Friday, October 24, 2008

A physics lesson, given for the entirely selfish reason that I need practice explaining things I know

The kilogram is a strange unit, yes? An SI mass unit referenced to a certain arbitrary physical object [the International Prototype Kilogram, funnily also known as Le Grand K] whose mass is actually fluctuating? Yes.

I read though, today, that if and when the coulomb is absolutely defined at [6.241 509 629 152 65 ×10 to the power of 18] elementary charges [an elementary charge is the charge carried by a single proton, although the absolute value of the charge of a single electron is the same], which has been proposed, the kilogram will become an SI derived unit, a much more respectable status.

If the coulomb had an exact numerical value based on a natural unit such as the elementary charge, this value could be combined with the definition of an ampere:

"the constant current which will produce an attractive force of [2×10 to the power of –7] newton per metre of length between two straight, parallel conductors of infinite length and negligible circular cross section placed one metre apart in a vacuum.", which must also be equal to a charge of one coulomb per second flowing past a fixed point.

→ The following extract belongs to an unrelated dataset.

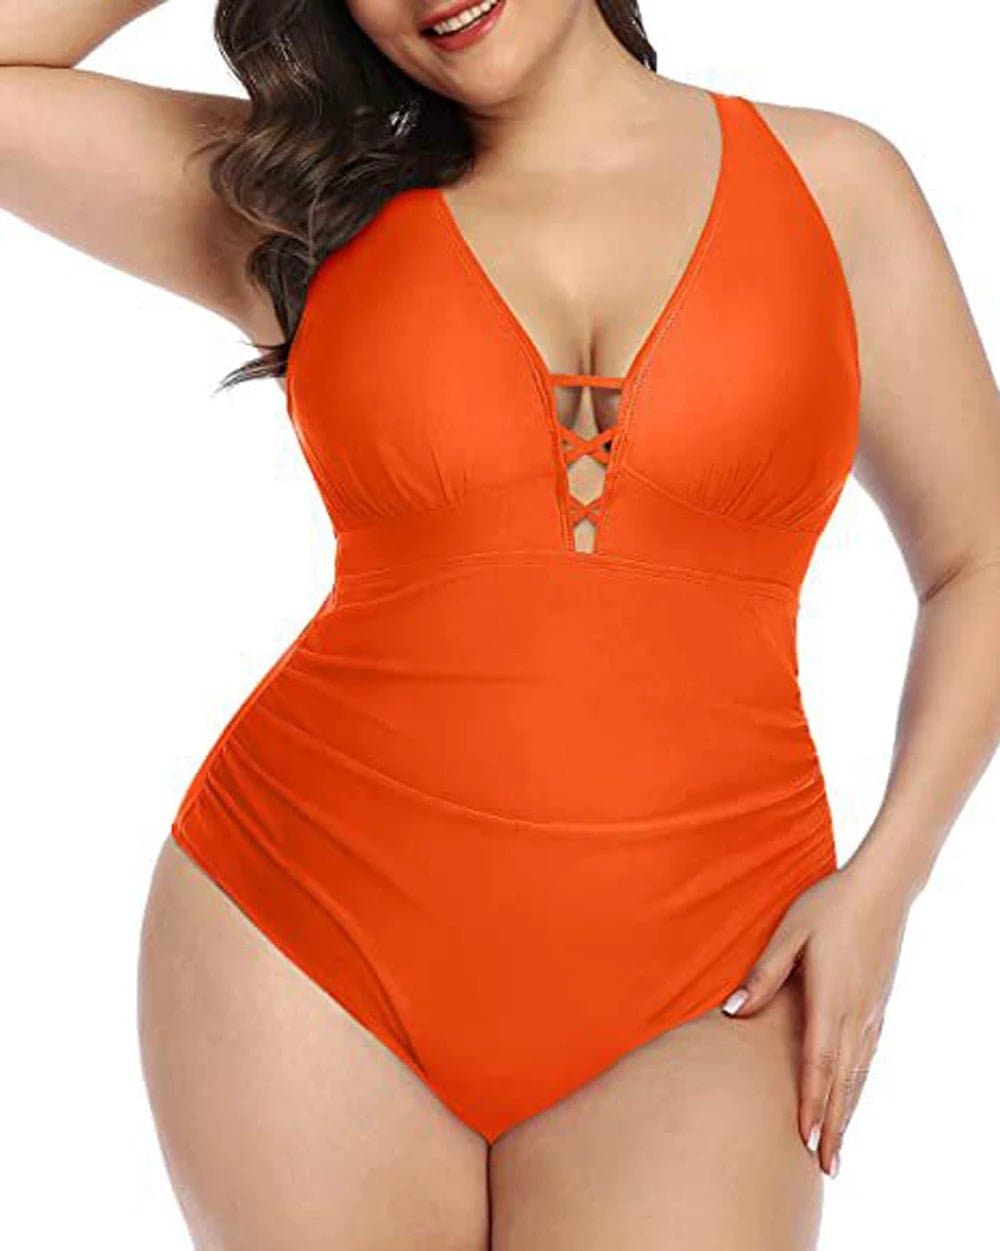 One-Piece Bathing Suits - Polyester/Spandex - Fits True to Size - Women's Swimwear - Wandering Woman

Since force in newtons must equal [mass in kg times acceleration in metres per second squared]
one kilogram could be defined as the mass which will accelerate [2 x 10 to the power of -7] metres per second squared if subjected to the [2 x 10 to the power of -7] newton force which defines the ampere and therefore the coulomb.


Tell me whether or not this was remotely intellible. I want to get better at it.

1 comment:

Anonymous said...

I only understood that through what parallels I could draw to chemistry. That is not, however, a reflection on your understanding of the subject, just my inability to comprehend physics. It seems quite logical to me.